Development of the Defect Analysis Technology for CANDU Spent Fuel

Yong-Chan Kim1,2, Jong-Hyeon Lee1*
1Chungnam National University, 99, Daehak-ro, Yuseong-gu, Daejeon 34134, Republic of Korea
2KEPCO Nuclear Fuel, 242, Daedeok-daero 989beon-gil, Yuseong-gu, Daejeon 34057, Republic of Korea
* Corresponding Author. Jong-Hyeon Lee, Chungnam National University, E-mail: jonglee@cnu.ac.kr, Tel: +82-42-821-6596

December 28, 2020 ; January 19, 2021 ; March 8, 2021

Abstract


The domestic CANDU nuclear power plants have been operated for a long time and various unforeseen spent fuel defects have been discovered. As the spent fuel defects are important factors in the safety of the nuclear power plant, a study on the analysis of the spent fuel defects to prevent their recurrence is necessary. However, in cases where the fuel rods inside the fuel assembly are defected, it is difficult to dismantle the fuel assembly owing to their welded structure and the facility conditions of the plant. Therefore, it is impossible to analyze the spent fuel defect because it is difficult to visually check the shape of the fuel defect. To resolve these problems, an analysis technology that can predict the number of defected fuel rods and defect size was developed. In this study, we developed a methodology for investigating the root cause of spent fuel defects using a database of the earlier fuel defects in the plants. It is anticipated that in the future this analysis technology will be applied when spent fuel defects occur.



초록


    1. Introduction

    Since commercial operation of a CANDU nuclear power plant started in April 1983, four CANDU nuclear power plants have been operated. As these domestic CANDU plants have been operated for a long time, various types of spent fuel defects have occurred in them [1]. The physical properties of the pellet, which is uranium dioxide (UO2) in the fuel rod, must be free of small holes, cracks, and chipping defects in the process of manufacturing nuclear fuel [2-3].

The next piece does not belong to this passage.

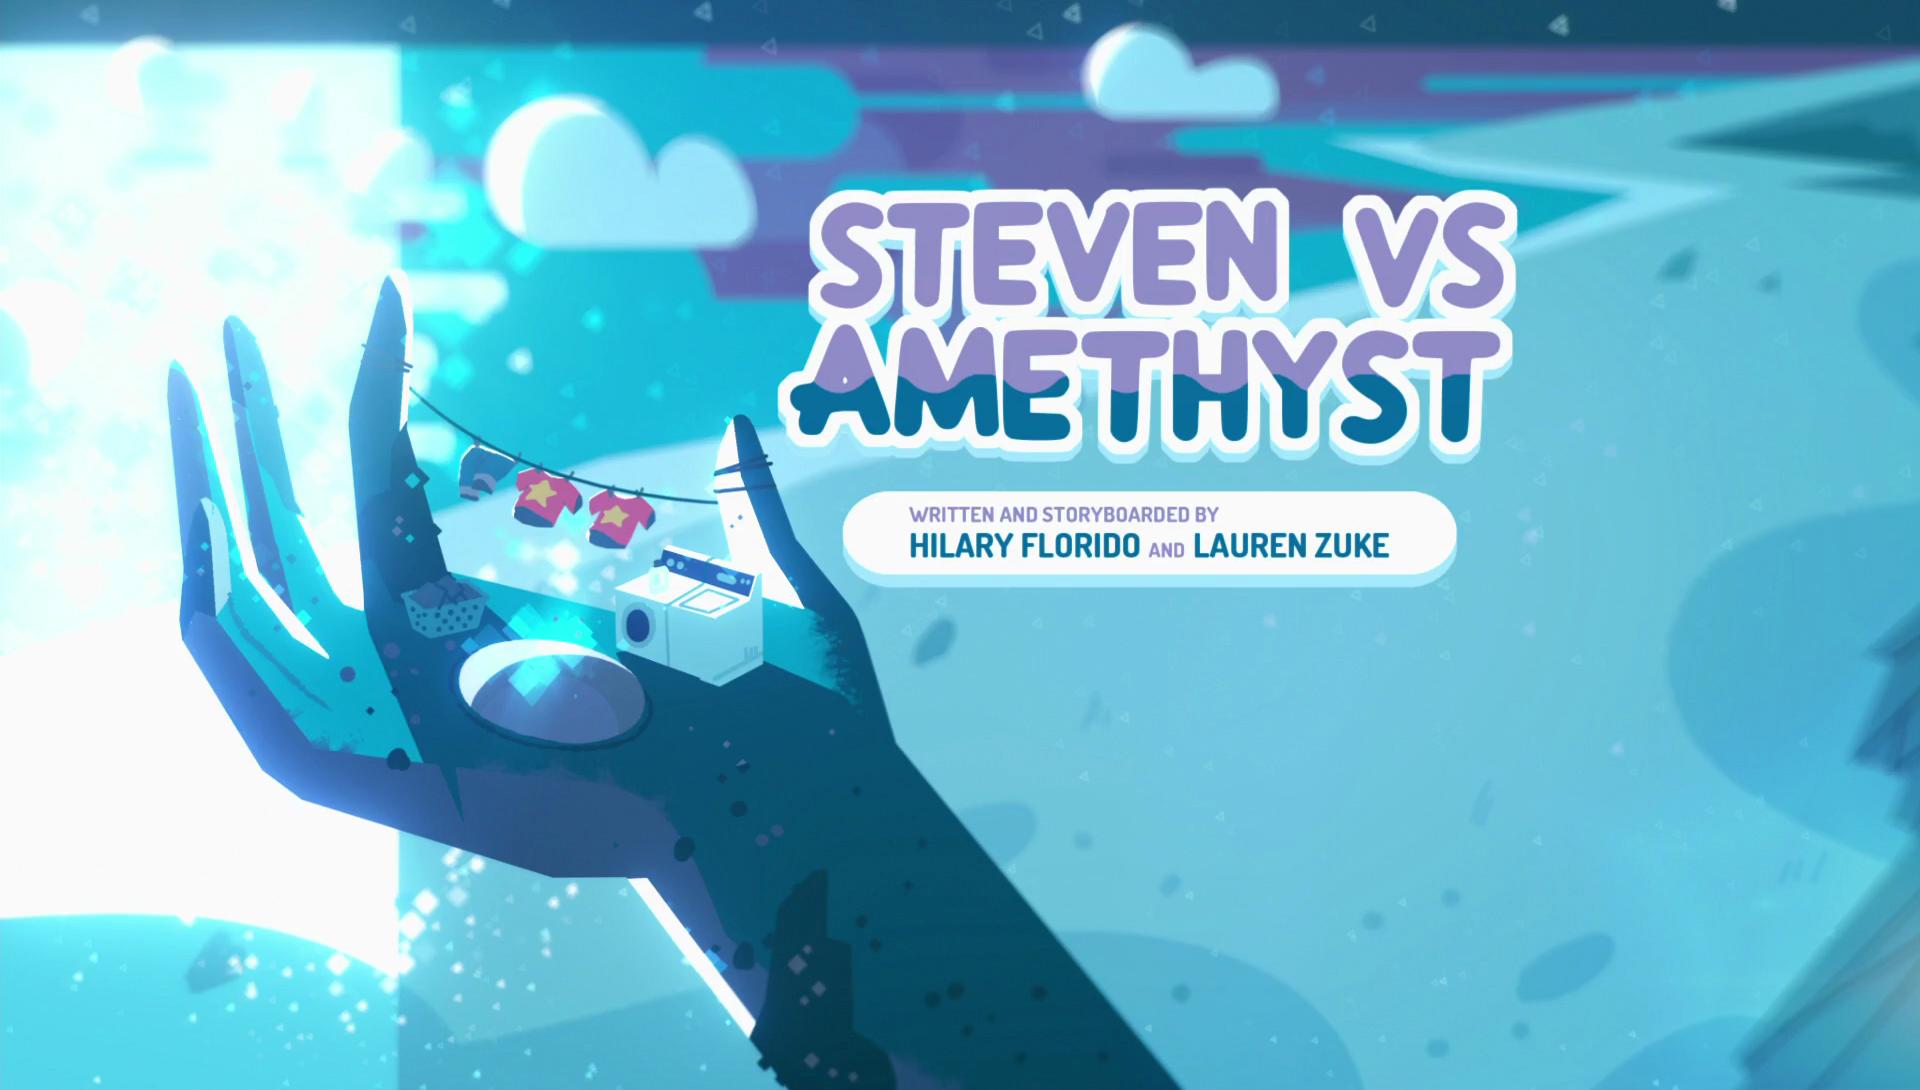 Steven vs. Amethyst

    In addition, since the fuel rod must withstand high heat and radiation in the reactor and maintain its integrity in water of 5 m depth in the spent fuel pool facility for decades, the fuel rods made of Zircaloy material are also inspected by helium leak testing in the manufacturing process. However, during the fuel burning in the reactor, many small defects occur in the welding area of the endcap in the fuel rod. The spent fuel released from the reactor can be stored in a canister designed with a capacity of 60 fuel assemblies if it is determined to be a sound spent fuel without defects by the defect detection system in the power plant. It is then transferred to a dry storage facility [4]. However, in the case of defective spent fuel, it is sealed in a special container (Can) after determining the fuel is defective through sipping inspection system and a visual inspection system [5-6]. Defective fuels are stored separately in the defective spent fuel facility. When it is difficult to check defects through a sipping test and visual inspection, a precise inspection for investigating the root cause of the defect type and the defect location is performed in a hot cell [7].

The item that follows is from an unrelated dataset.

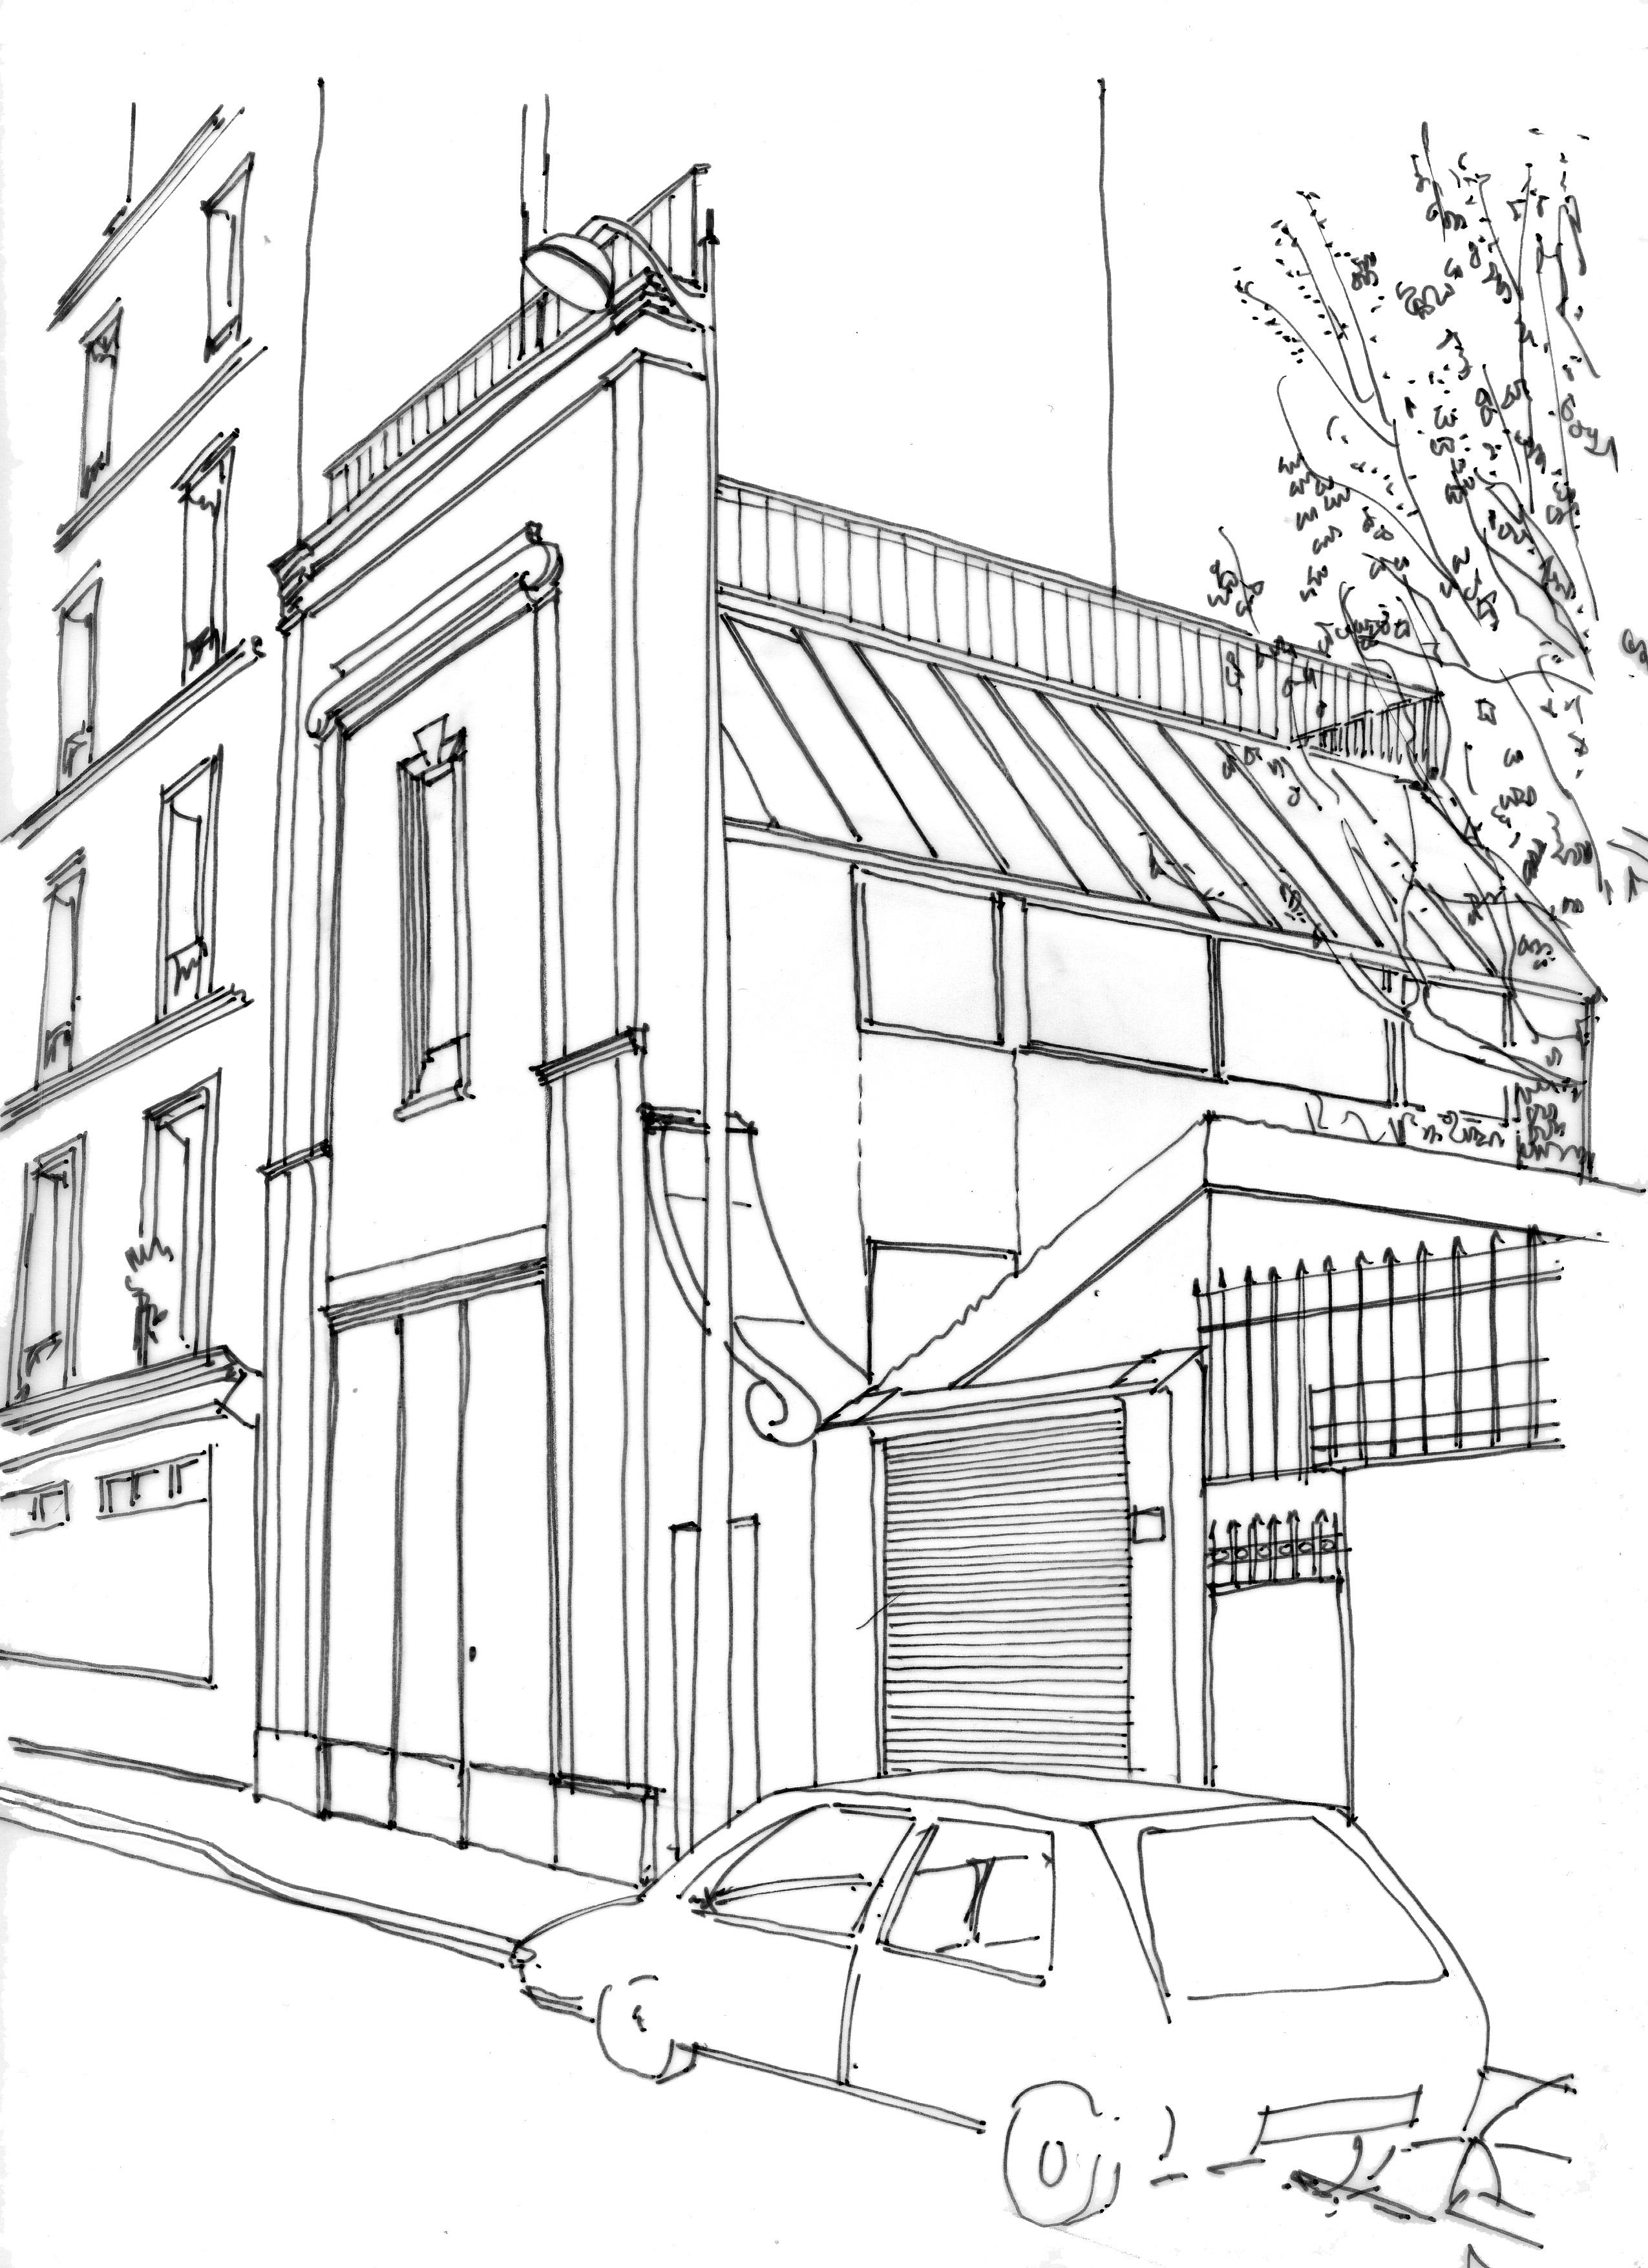 Atelier d'artiste rue Ledion 75014

    In order to secure the safety of the CANDU nuclear power plant, the integrity of the spent fuel must be guaranteed. However, complete monitoring of the fuel being burned in the reactor has many restrictions due to high radiation conditions. To date, in order to monitor fuel loaded in the reactor, a method of analyzing the coolant radioactivity of the reactor has been widely used. In Korea, the analysis technology of the coolant radioactivity was previously at a relatively low level where only indication of a fuel defect was identified and it was unable to investigate the root cause of the defect. In particular, in the case of CANDU spent fuel, it is difficult to perform fuel dismantling due to the welded structure of the fuel assembly, as shown in Fig. 1 [8].

    JNFCWT-19-2-215_F1.gif
    Fig. 1

    The structure of the CANDU fuel assembly.

    If the fuel rod located inside the fuel assembly is defective, it is impossible to identify the fuel defect. In response, in this study, a methodology for analyzing the number of defective fuel rods and the size of defects and the root cause of defects is described.

    2. Development of analysis technology for fuel defect

    2.1 Fission product of nuclear fuel

    When nuclear fission occurs in the uranium pellet of the fuel rod, fission products are generated. Fission products that are directly generated through fission are called primary fission products, and since these primary fission products are unstable, they can be converted into another nuclide through various decay mechanisms.

    The instability of the primary fission product is stabilized by conversion to other nuclides with the release of beta particles (β-particles) due to excessive neutron numbers and is generally accompanied by gamma ray (γ-ray) emission simultaneously.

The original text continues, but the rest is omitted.